Most digital audio/sequencing software comes in several versions, from "Light" to "Pro". So you can get in at <$100 or spend >$500

Here are some names to research for PC software

Steinberg Cubase
Cakewalk Sonar
ImageLine FL Studio
Mackie Tracktion 
PG Music Powertracks

Garageband is lightly-featured on full-studio work, but does have fairly good loops and easy production. The closest one in price and approach is probably FL Studio.

Cubase and Sonar have more 'serious' studio features. Tracktion is reputedly very easy to use and reasonably priced. Powertracks seems fairly difficult to use but is rock bottom priced.

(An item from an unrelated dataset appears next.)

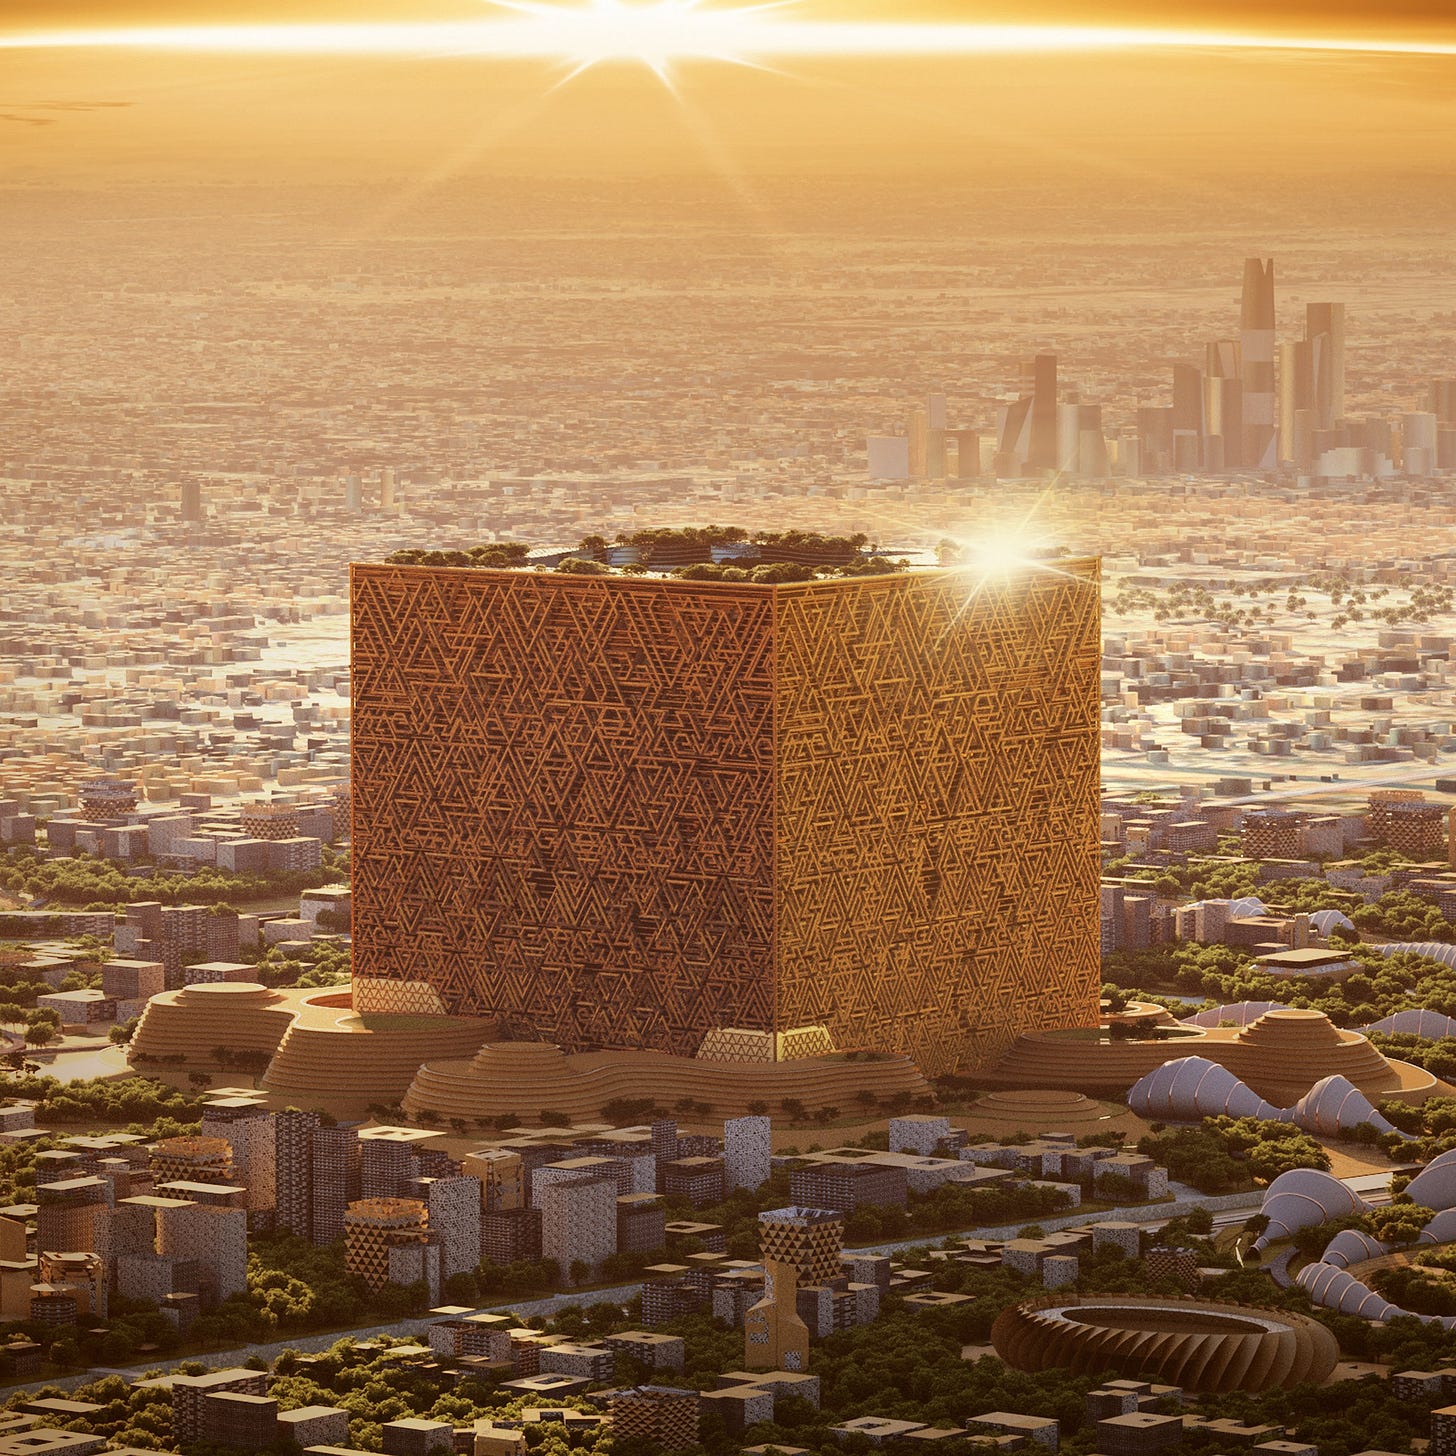 Saudi Arabia unveils giant cube-shaped supertall skyscraper in Riyadh

Acid is a special case (and again, comes in a variety of versions and price points), it specialises in loop production - you can record in various musical segments and it will chop them into loops and stretch or compress them to play in time with each other or with your own tracks. But it is not a fully fledged audio recording and MIDI sequencing studio.


----------



## Macaholic (Jan 7, 2003)

While more full featured, but less comprehensive in goodies (virtual instruments -- and the rest of iLife), Acid costs CAN$400.00. FL Studio starts at US$149.00, but needs more virtual instruments and plugins to match Garageband's compliment. FL Studio has a nice bundle deal, but it is still US$348.00.

Neither program has standard notation display...

Garagaeband can't do tempo changes beyond the first one.

There'll be tradeoffs on both sides, but for consumer use Garageband's suite and ease of use -- not to mention iMovie, iPhoto iDVD and iWeb -- is the cat's a$$.


----------